Going as far as Naubinway today, plan to be at Hank's Sunday pm. Going to get a little trout fishing, first. One thing hunters may want to bring are thermacells if you have them. The bugs are going to be thick. At least remember some Off. Depending on you stand, you may be in a tree stand or a tent ground blind. If you're swatting bugs the movement is as risky as having the scent floating around.


----------



## [email protected]

hi, i;m leaving this morning. heading to escanaba to check out some deer hunting spots, will get to hanks tomarrow afternoon, getting excited . trapper 57 :lol::lol::lol::lol:


----------



## wishiwashuntin

We are in curtis today at deer camp then heading over tomorrow. Look forward to meeting everyone. 
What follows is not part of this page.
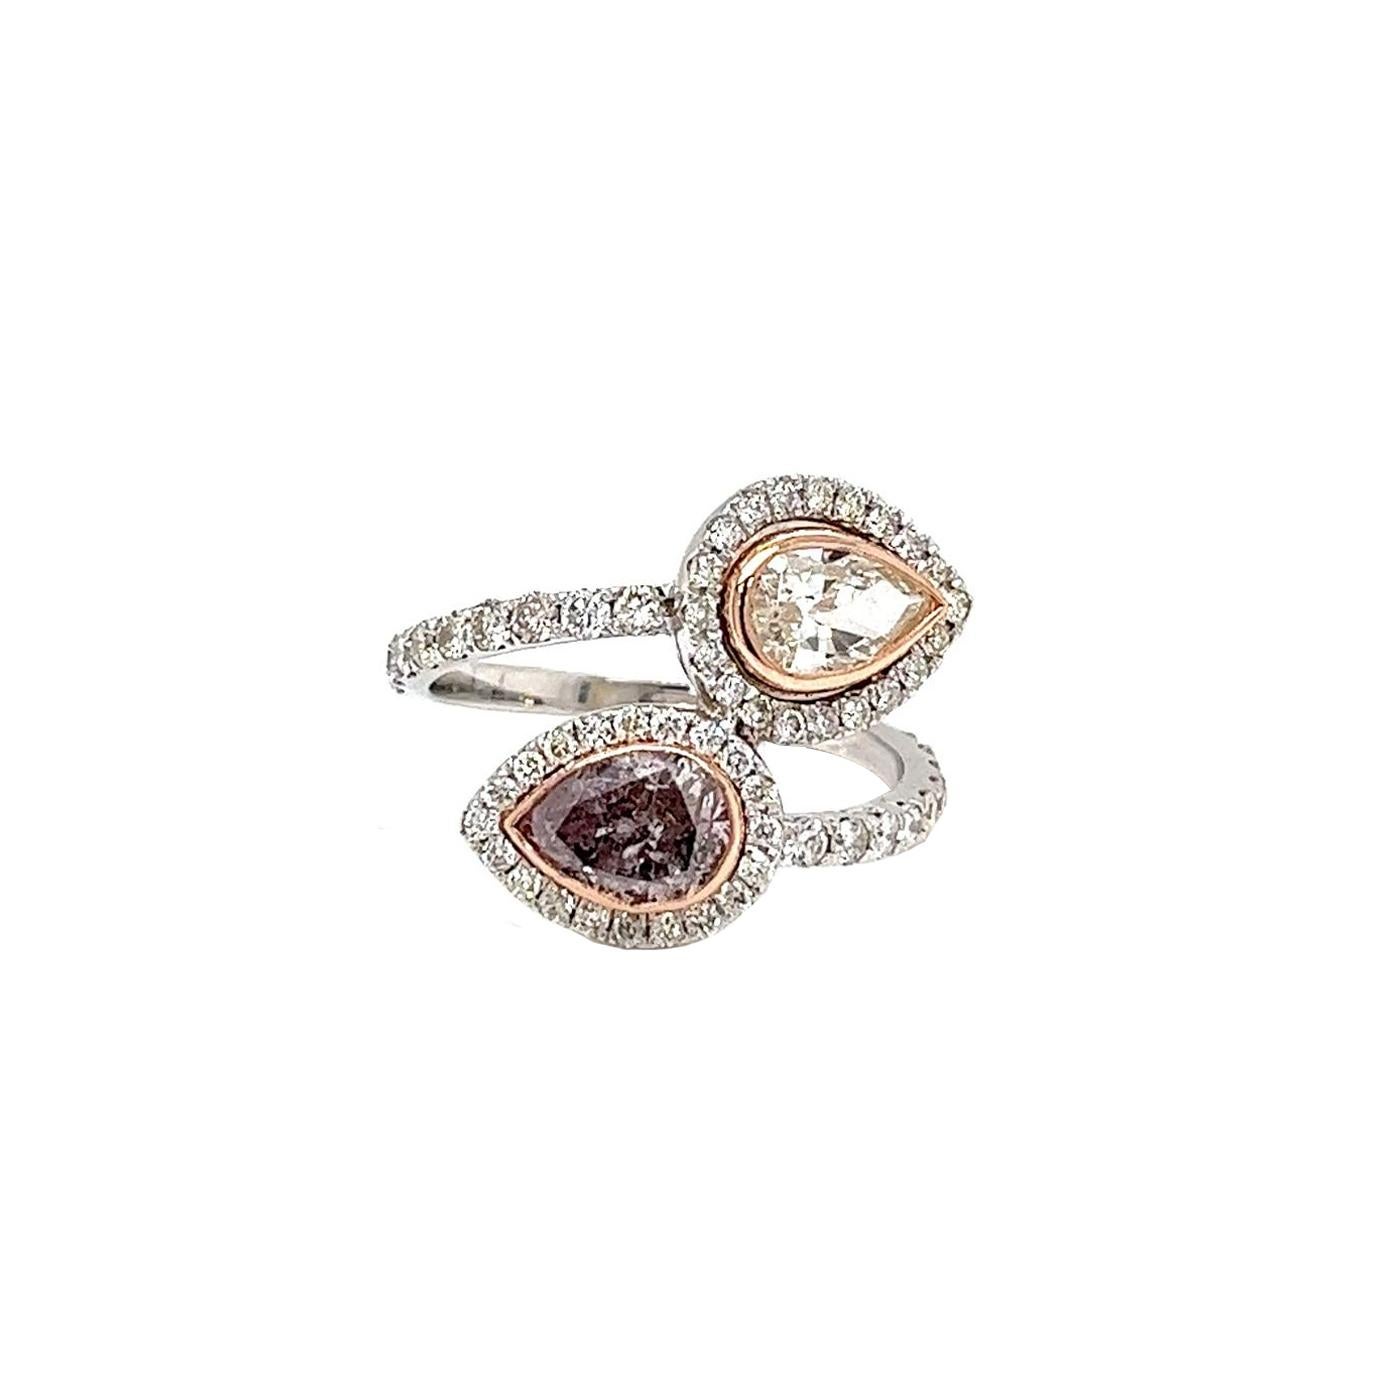 Erleben Sie den Inbegriff von Eleganz mit diesem natürlichen Fancy Purplish Pink Diamond Ring. Im Mittelpunkt stehen zwei bezaubernde birnenförmige Diamanten mit einem Gesamtkaratgewicht von 1,01 und einer Reinheit von I1 und SI1, die ihren zarten

Outdoor Hub mobile, the outdoor information engine


----------



## GrizzlyHunter

Shoottwice and I are on the road right now! See ya all there...


----------



## slammer

He just sent me a few pics and says all baits are pretty active.
_Posted via Mobile Device_


----------



## wishiwashuntin

Lets see them


Outdoor Hub mobile, the outdoor information engine


----------



## slammer

wishiwashuntin said:


> Lets see them
> 
> 
> Outdoor Hub mobile, the outdoor information engine


can't post from my phone but I will email to you if you send your email
_Posted via Mobile Device_


----------



## KalamazooKid

Man I'm freakin jealous! Tell Hank the Kid says "hey".


----------



## wishiwashuntin

Will do

Outdoor Hub mobile, the outdoor information engine


----------



## Skibum

Like I said earlier, we won't be there until Wednesday so you guys tell Hank to leave the big ones be for a couple of days

Seriously, as much as I wish circumstances would allow us to be on the road now, I hope you all knock the heck out them. I want to see some hanging when I get there.
_Posted via Mobile Device_


----------